Transforming Plastic: Recycling

Read about the advent of mass-produced plastics and how some are trying to change the game by inventing ways to recycle polymers.

| August 2019

Plastics-landfill
Photo from Adobe Stock/aryfahmed

All polymers begin as sunlight that falls upon the earth. Billions of years ago, some single-celled organisms captured sunlight from green chloroplast cells before dying and settling to the bottom of the ancient ocean. Later, larger multi-celled algae and zooplankton did the same, for hundreds of millions of years. Under the heat and pressure of layers of sediment and shifting continents, their carcasses became a solid substance called kerogen and, eventually, the hydrocarbon chains we’ve come to know as natural gas, petroleum, and coal.

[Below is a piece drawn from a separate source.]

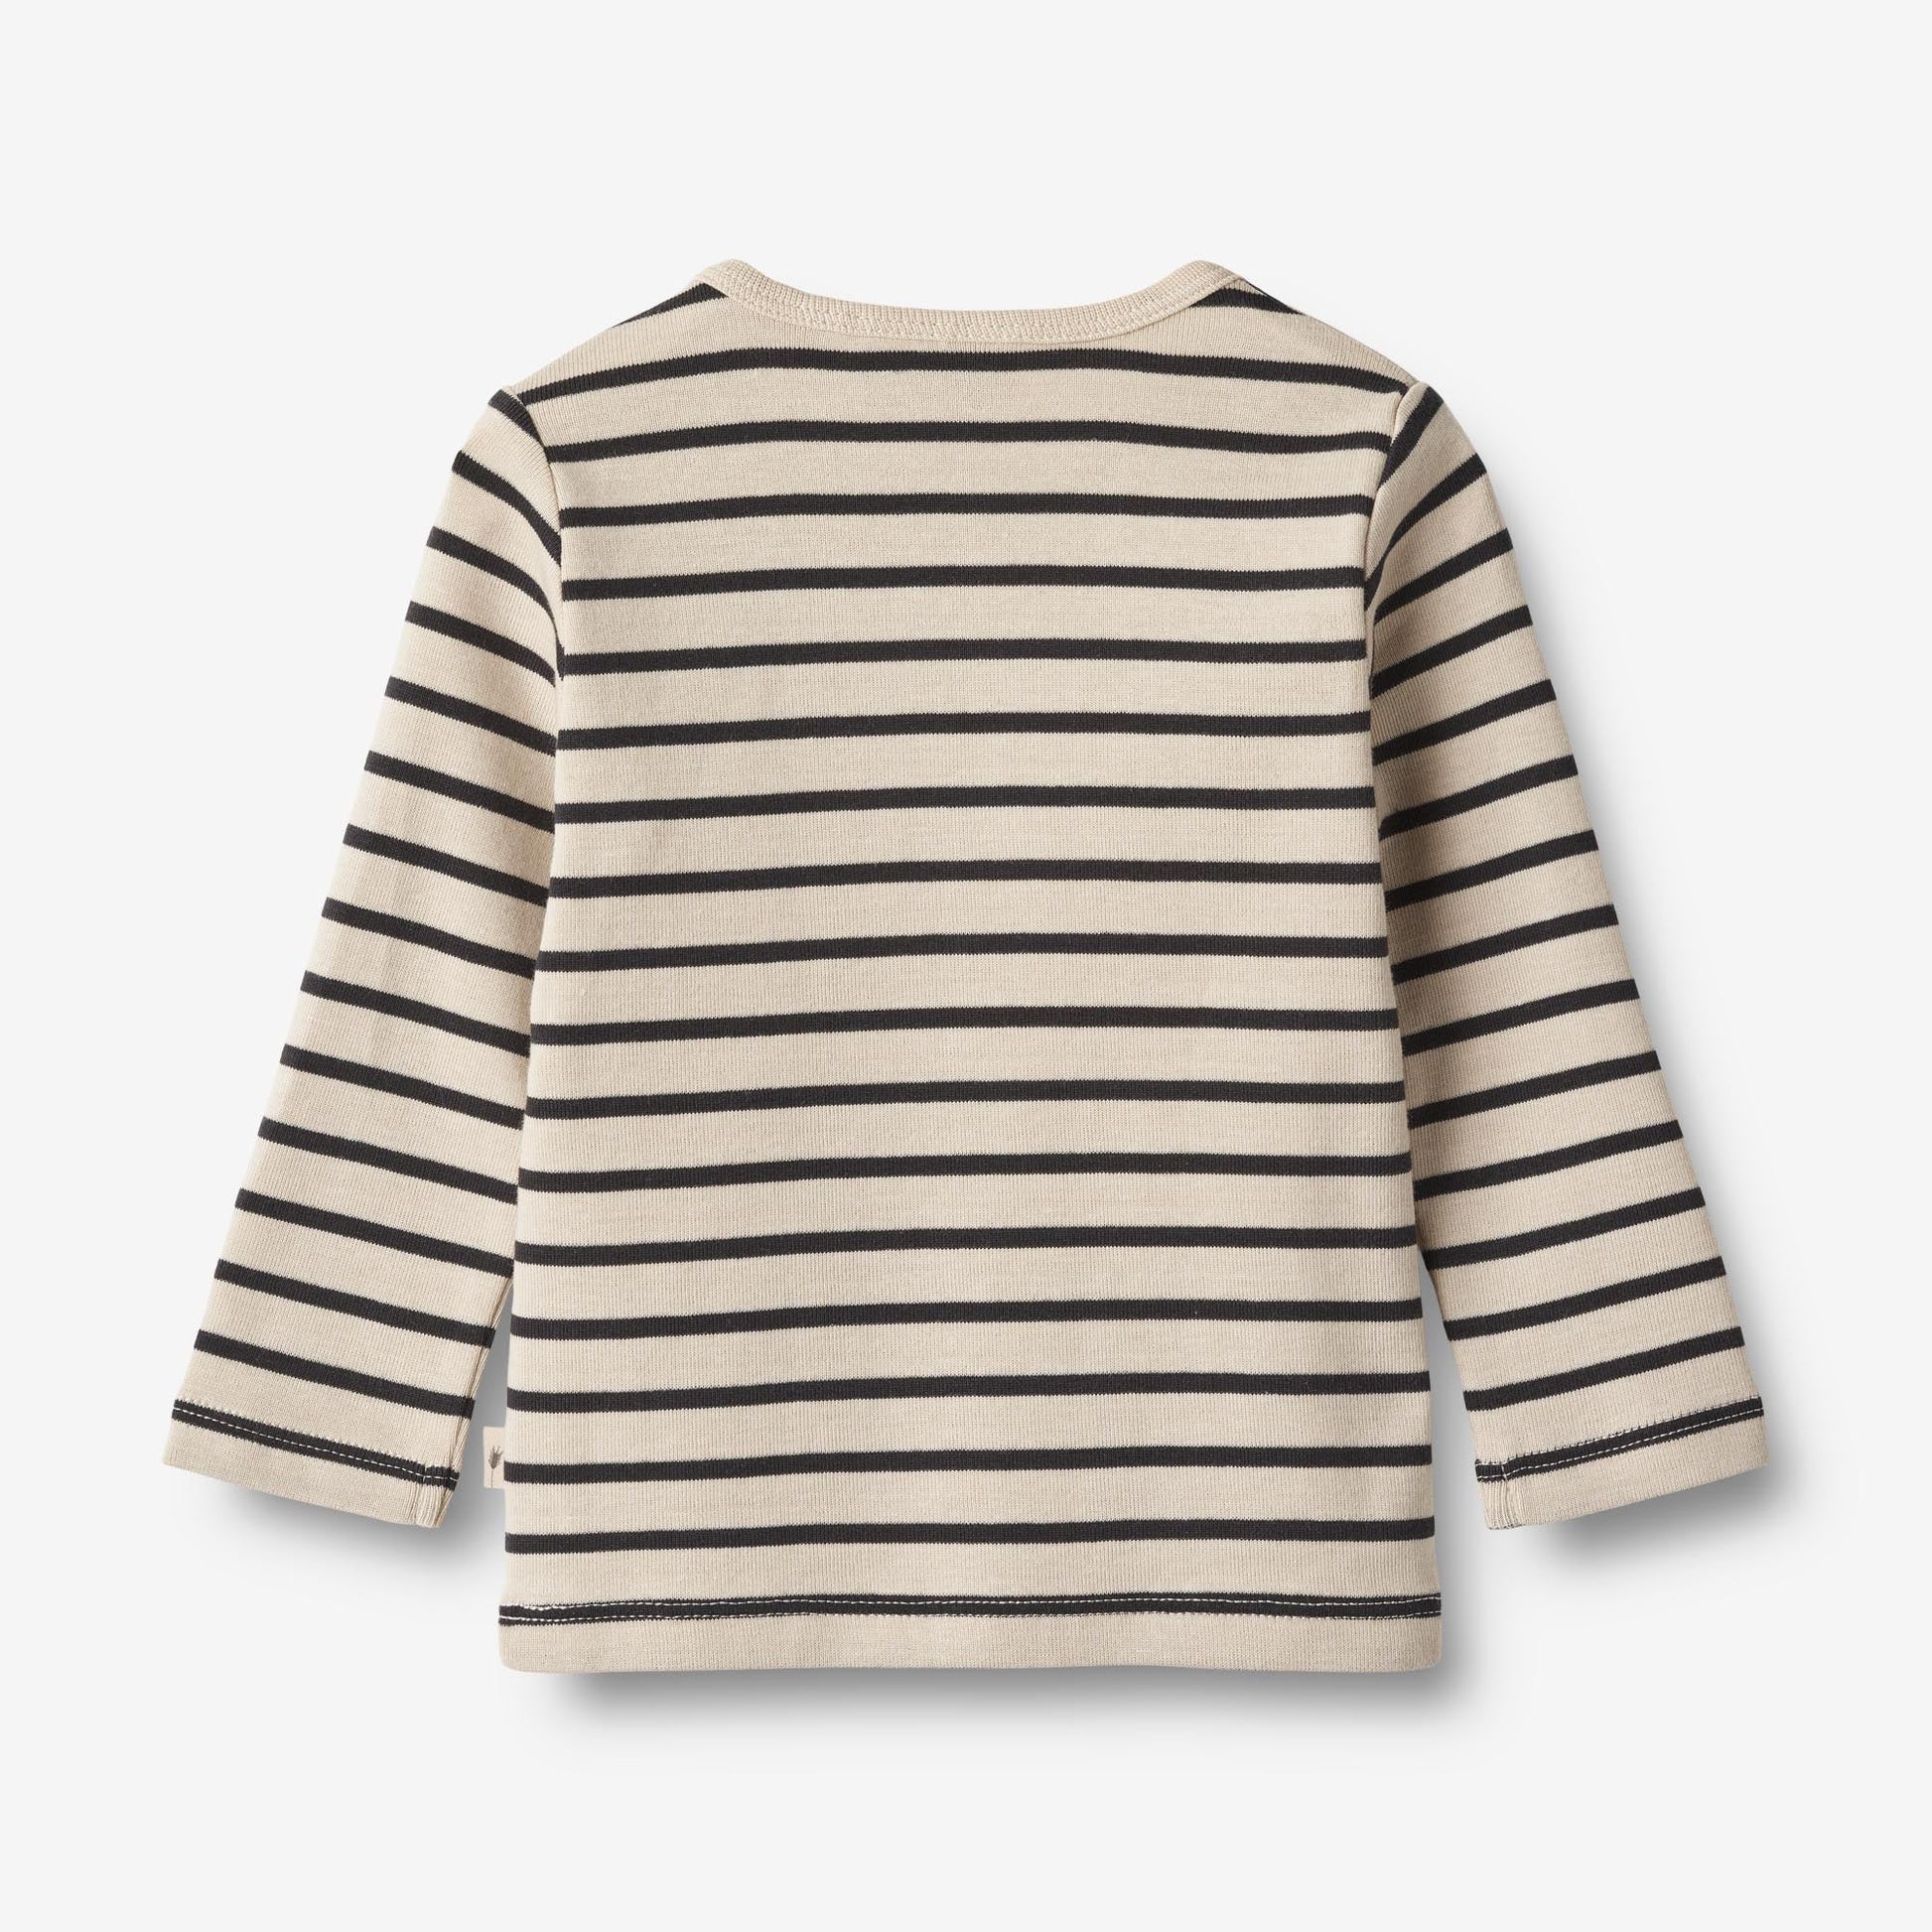 Wheat 'Stig' L/S Baby T-Shirt - Navy Stripe

The first modern, widely available plastic was made from nitrocellulose, a plant material, and camphor resin, a coal tar. An American inventor named John Wesley Hyatt won a prize offered by a billiard manufacturer looking for a cheaper alternative to ivory. Hyatt’s “celluloid” won with a bang, because occasionally, according to Hyatt, “the violent contact of the balls would produce a mild explosion like a percussion gun-cap.” Nitrocellulose is explosive.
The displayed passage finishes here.